In fact, the whole thing made me feel so good that I ended up booking myself another Bristol day trip the very next day – how was I supposed to resist?
Bristol Old Vic (2.30pm, 9 February 2019)
I could really have done with a lie-in on Saturday – or at least not having to get up extra early because I’d forgotten to pick up my evening train ticket from Paddington… But in spite of that I managed to make it to the National Express in good time, and had a productive journey reading the Wise Children playtext I’d bought a fortnight earlier! The coach arrived as promptly as always, which meant I easily made it to the theatre before my parents arrived – oh yes, I’d managed to find a date where they could just about make it up to see the matinée and get back to Somerset in time for an evening meal! We ended up testing out the new café at the Bristol Old Vic for our lunch; I’d definitely recommend it for a pre-show bite, especially as our pots of tea gave us nearly three cups each.
It may have just been me, but everything in that afternoon show felt incredibly excitable! There have definitely been some tweaks made in the intervening weeks, though my instinct and my memory are playing tricks on me, so I’m now questioning whether my “ooh, those are new props!” was actually right… Anyway, I loved the idea of the pantomime cow “finding the truth” in its mooing, and Melchior trying to get his newborn twins to say “RADA”! My parents and I were sat separately, so at the end of the interval I was happily chatting to Dora (who didn’t think I looked old enough to be allowed an alcoholic drink!) whilst my parents had a natter with Nora over the other side. Always good fun!
I think basically every time I’ve been to Bristol there has been some sort of rain, and this time we were treated to the downpour kind… And because Bristol doesn’t have sensibly organised bus stops like London I ended up having to walk/dash to Temple Meads and got absolutely soaked! Though getting the train home did feel like a bit of a luxury, compared to my usual coach trips. No time for any last dashes to Bristol to see the show now – I’ve got a bit of a wait until my northern mini-break…

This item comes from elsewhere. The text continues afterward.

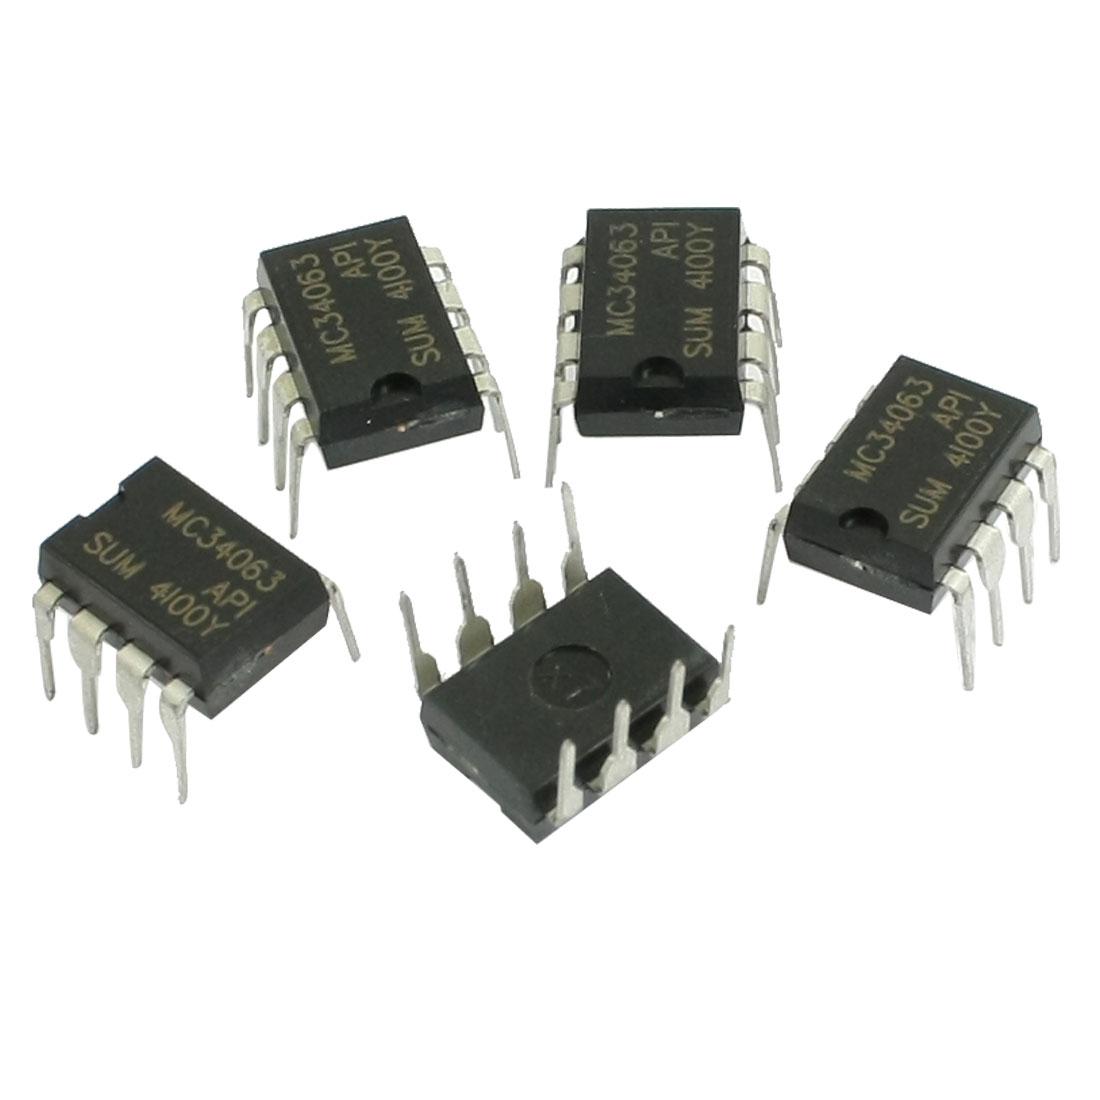 5 Pcs MC34063 DC to DC Converter Control Circuit 3.0-40V Output Current 1.5A DIP-8

HOME MCR (2pm, 2 March 2019)
As hard as it was to tear myself away from Liverpool, where I’d spent my Friday, knowing that my first port of call in Manchester was the next performance of Wise Children made things a little easier… After one last wander around the Royal Albert Dock, I made my way to Lime Street station to catch a train inland (smirking when we stopped at Eccles). Just as I thought I was going to have a dry day, the Manchester curse struck again – I found Emmeline Pankhurst in St Peter’s Square and then was subjected to a drenching, forcing me to repeat the damp dash from Sainsbury’s to HOME I first made 11 months ago.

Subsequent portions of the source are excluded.